May 2, 2008, 11:13 AM

#53 and #54: Rather than speculate about jealousy and Roberta Smith, I'd say she is practicing me-tooism. She is just saying what "everyone" says and "knows" to be true. She should be invited to be on the faculty of that fancy new grad school in Miami.

Opie answered 1's question in #44 very well, with #53. I can only add that Clem did a whole lot of his looking in the studios of artists, as opposed to the showrooms of dealers, though he did some of that too.



May 2, 2008, 11:15 AM

Franklin, what do you feel the experience of an artwork shares with contemplative practice? I am inferring you are a regular meditator and was just wondering what you felt specifically about any common ground there.



May 2, 2008, 11:23 AM

'Barnett Newman is starting to look a little too "ultimate", where theory/ideals/whatever get in the way of letting the picture make itself.'

That's a great Barney Newman crit.



May 2, 2008, 11:29 AM

Roygbiv, if by "experience of art" you mean looking at it, the common ground is giving your attention over to the thing without mentally adding to it or subtracting from it. Just seeing what it is. The difference between the artistic eye and the contemplative eye is that the former exercises judgment and the latter does not.

I may be talking through my hat here.

I called Newman's work "illustrations of purity" at one point, which is in line with Catfish's remark.



May 2, 2008, 11:36 AM

The trouble with purity is when it becomes sterility.



May 2, 2008, 11:53 AM

No, Chris (55), I'm not confused. That's part of my "problem." I know exactly what I want and expect. Smith is the art critic for the high-and-mighty New York Times. It is not OK to be lazy and/or safe and/or a carbon copy of every other critic if you are in that presumably exalted position. She's not up to it.


Chris Rywalt

May 2, 2008, 12:03 PM

Aha. You assume the New York Times to be exalted. I assume it to be geared to the popular level, much the same way it's written at a fourth-grade reading level.

Where did the 'bergs publish when they were active? Rosenberg was with the New Yorker, and that was when the New Yorker meant something. (These days -- as much as I like it -- the New Yorker caters to a small readership. I mean, I can't even find the damned thing most of the time.) Where did Greenberg publish? MC called them "piddly-little magazines".

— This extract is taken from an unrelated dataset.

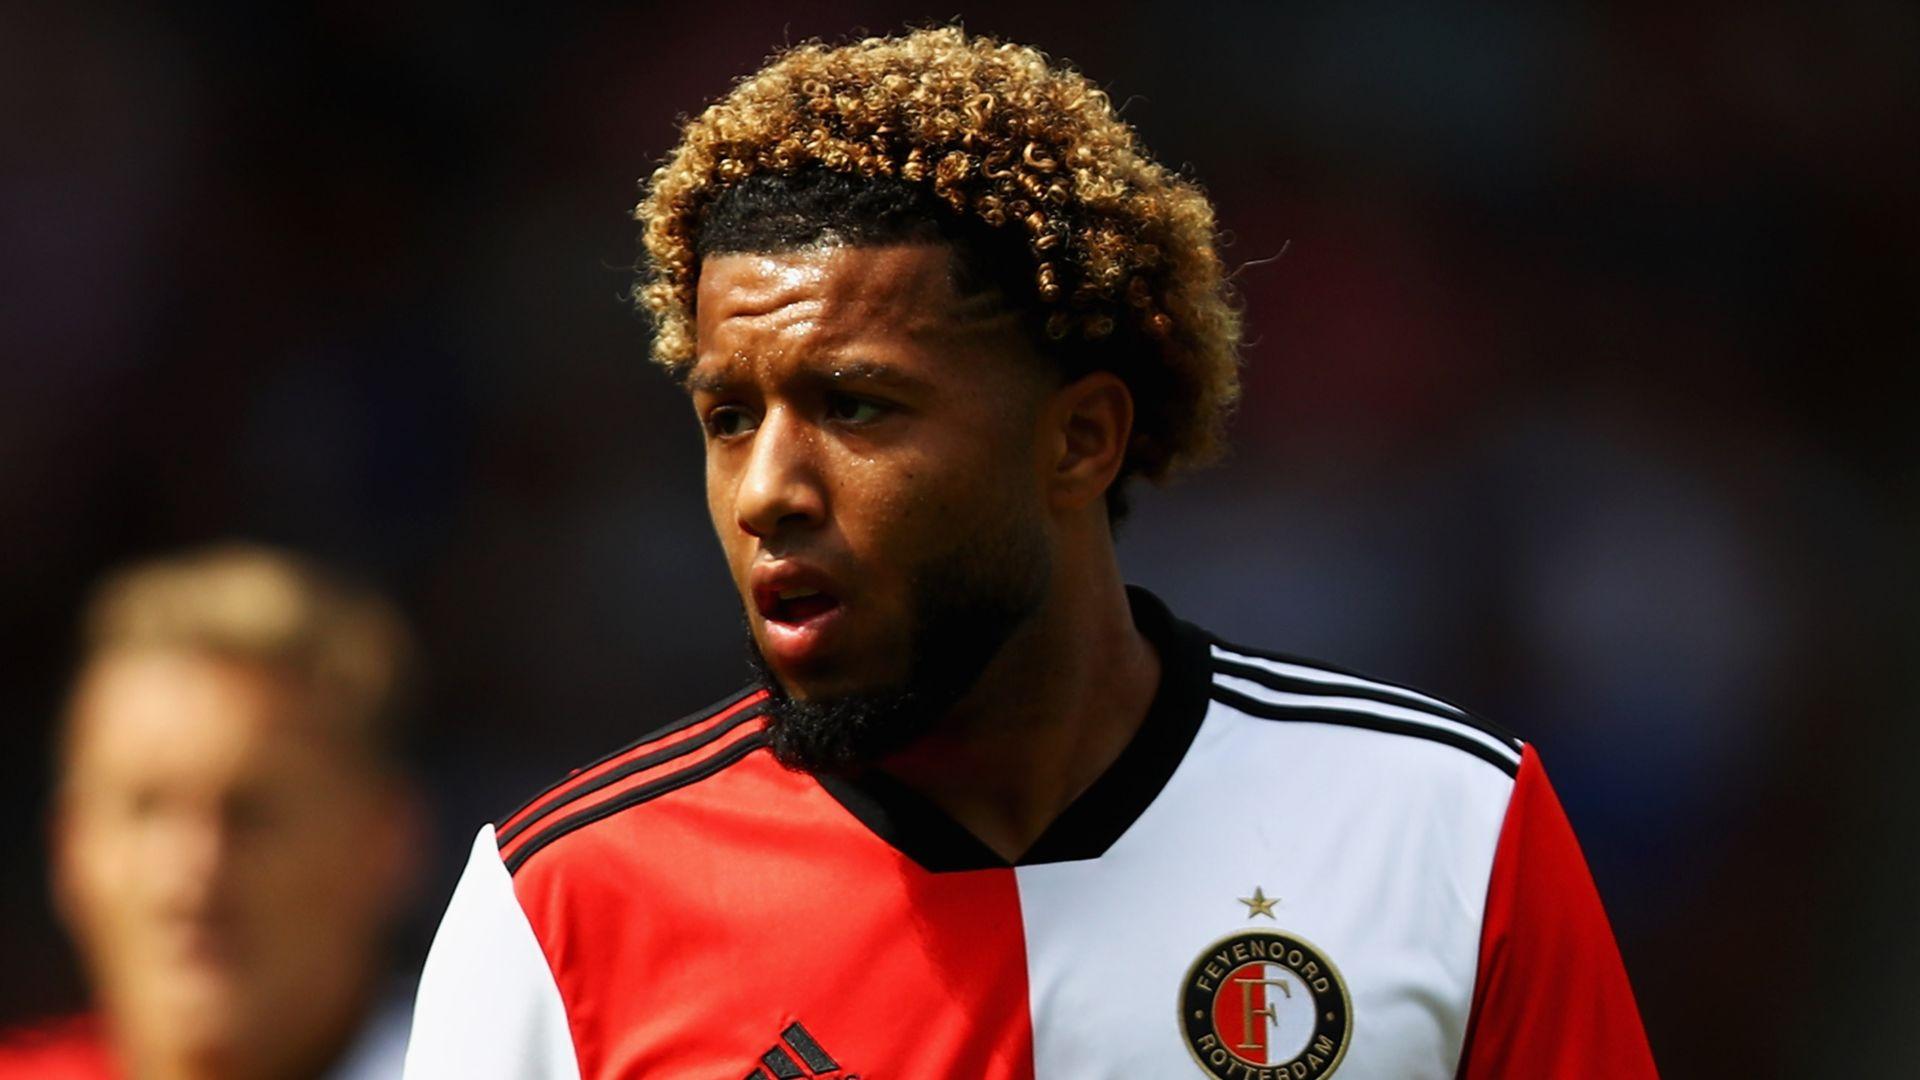 Tonny Vilhena - Feyenoord

Where would you expect to find serious criticism these days? You seem to think the New York Times, which I think is a mistake. Where else? I have no idea. I guess I take the New Yorker vaguely seriously, although most of the time that just makes me very, very sad.



May 2, 2008, 12:28 PM

i think it is pretty tough crowd that would be throwing barnet newman under the bus with everything else that is out there. the guy has painted some very great pictures that i would call materpieces. sure at times it can sometimes come of as grandiose (greenberg would probably call it "grand manner" or something similar if i remember correctly) or he can be a little cold with a lack of color or going hard minimal, but a huge jump from an elsworth kelly or stricter lesser minimal artists.

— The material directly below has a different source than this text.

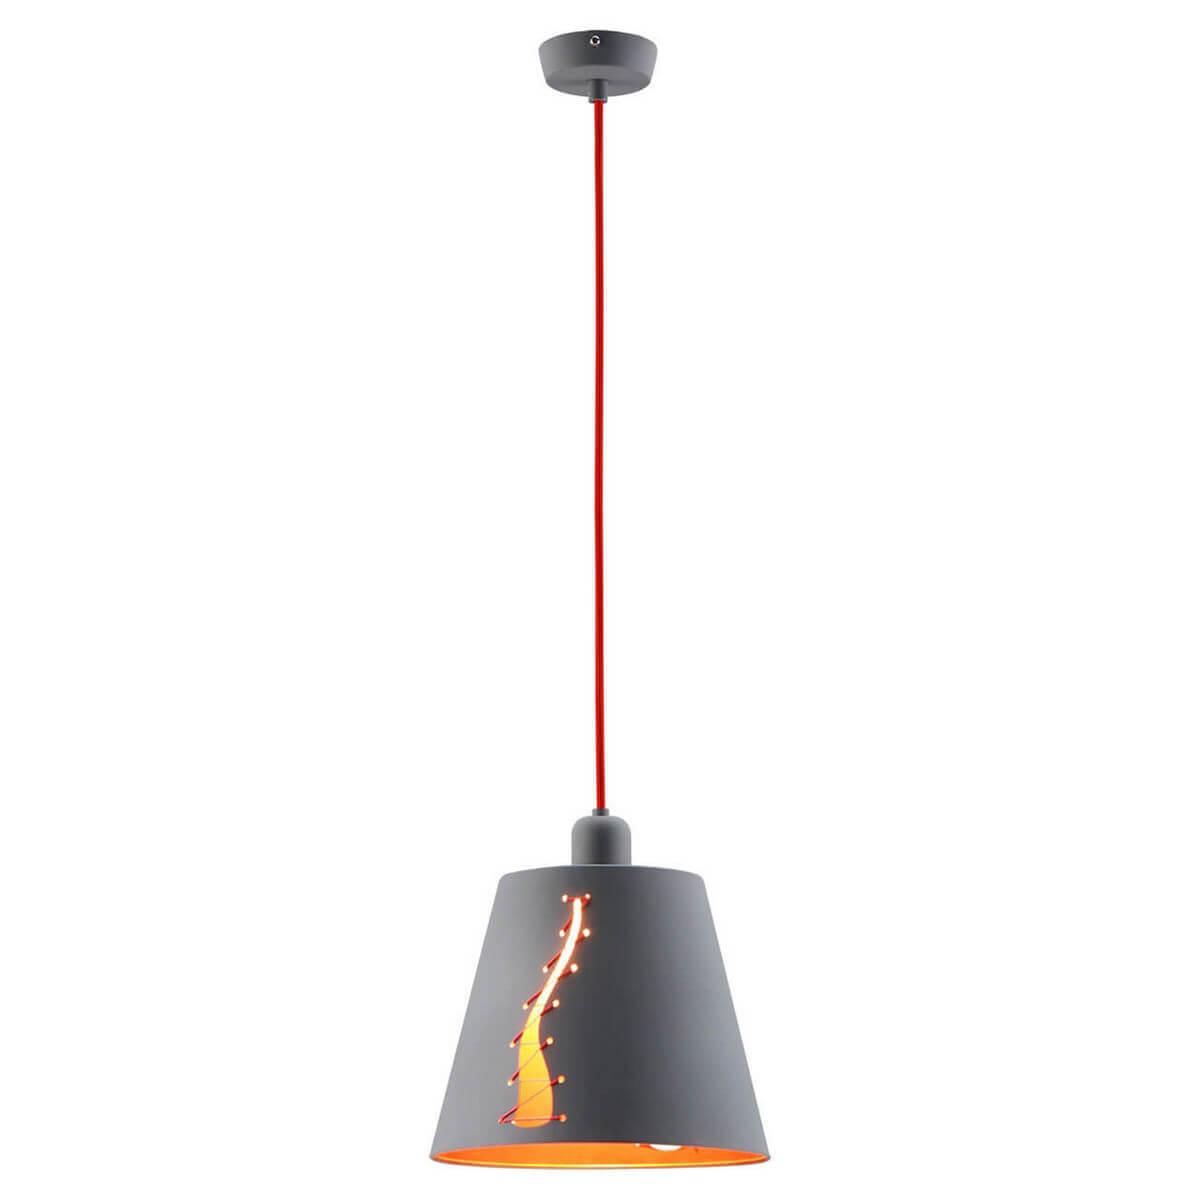 Подвесной светильник Lussole Loft GRLSP-8019 подвесной светильник lussole grlsp 9856 серый

but i have to add that frankenthaler's "mountains and sea" while very good and historically important, does not blow me away. i prefer newman's Vir Heroicus Sumblimus.



May 2, 2008, 12:31 PM

I said presumably exalted. It certainly is in its own estimation, and that of many who take reputations (however inflated) at face value. I am not of their number, but my point stands. If you want the rep and the status, I expect you to deliver the goods. At least in the review in question here, she's more or less "reviewing" by proxy (and, of course, spouting the expected pieties). And by the way, do we know for a fact that this show was deliberately set up as a Greenberg vs. Rosenberg thing, or was that just what she made of it?



May 2, 2008, 12:34 PM

among other periodicals,greenberg wrote for "commentary" which had a different name prior. terry teachout, who has been mentioned here before, writes for them now and did an article last year that concerned greenberg in this magazine as well.



May 2, 2008, 12:54 PM

Just went to the Jewish Museum website. The show was set up with a Greenberg vs. Rosenberg underpinning, which makes "sense" given the venue and the fact they were both Jewish. This partially exonerates Smith, in this instance, though not in the Color Field show review.

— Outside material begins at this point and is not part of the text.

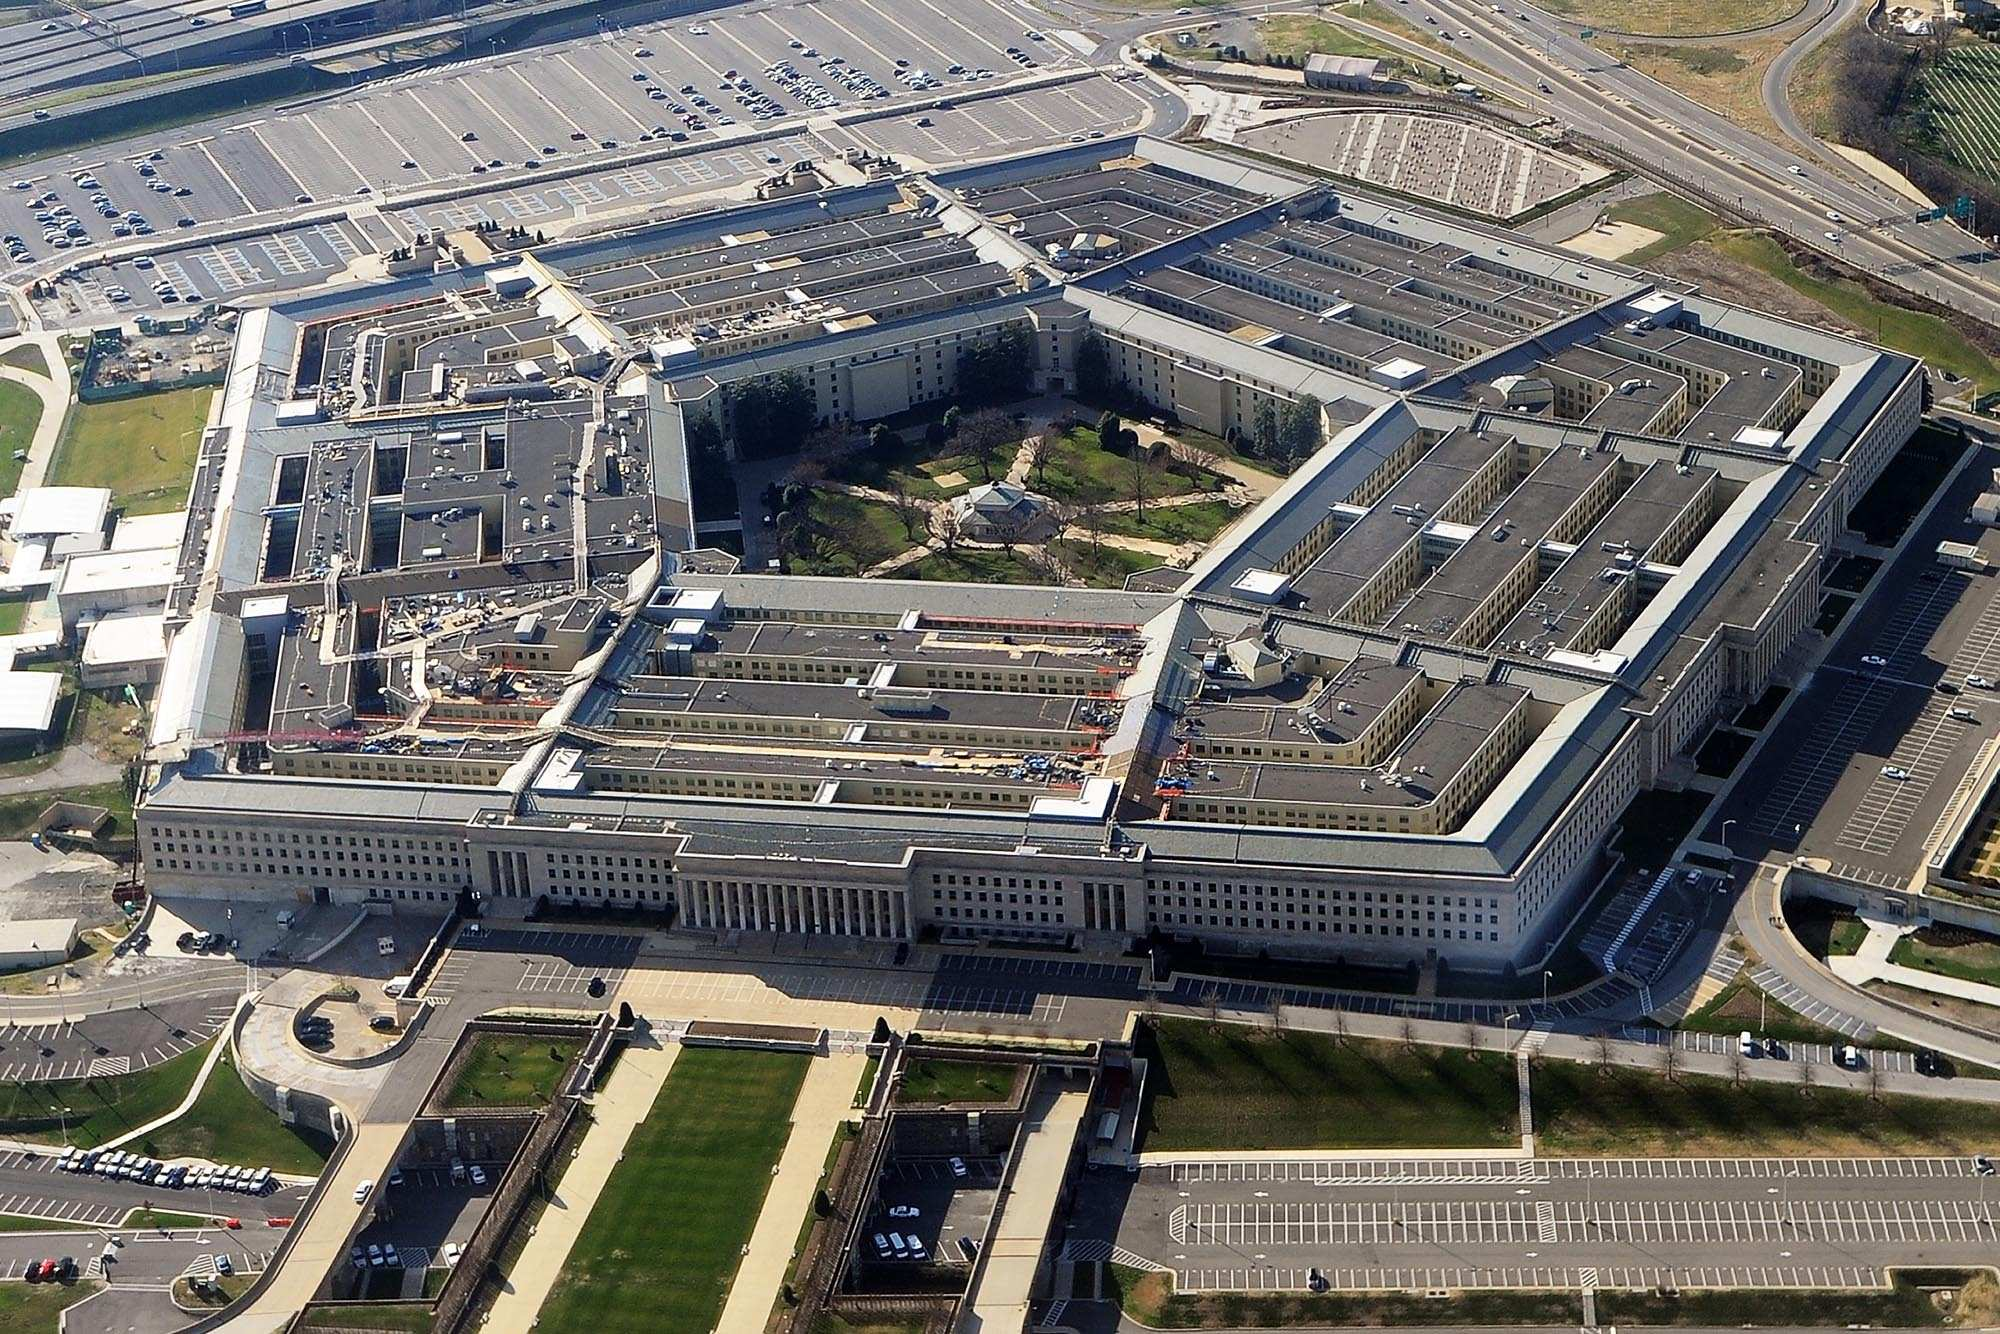 Вывод ВКСРФсоздаст возможность дляподдерживаемых СШАсил, — американский генерал | Русская весна

She is still indulging in fashionable and self-serving Greenberg-bashing, and she is not putting her own, personal thoughts about the work (if she has them) sufficiently front and center, regardless of the 'bergs and what the show's curators had in mind.

In other words, she's playing it very safe and simply going with the curatorial flow, which she is not required to do. But again, in this case, her approach is more justified than in the Color Field show review, which was fairly ridiculous.



May 2, 2008, 2:57 PM

looking more at frankenthaler's "mountain and sea" has been good for me.

while it and can be argued that hofmann leans mostly on matisse for his inspiration, matisse can also be seen in frankenthaler. frankenthaler staining comes directly out of the light touch and stain like surfaces that matisse executed so adeptly. hohmann took more from matisse in terms of using straight color to make a picture.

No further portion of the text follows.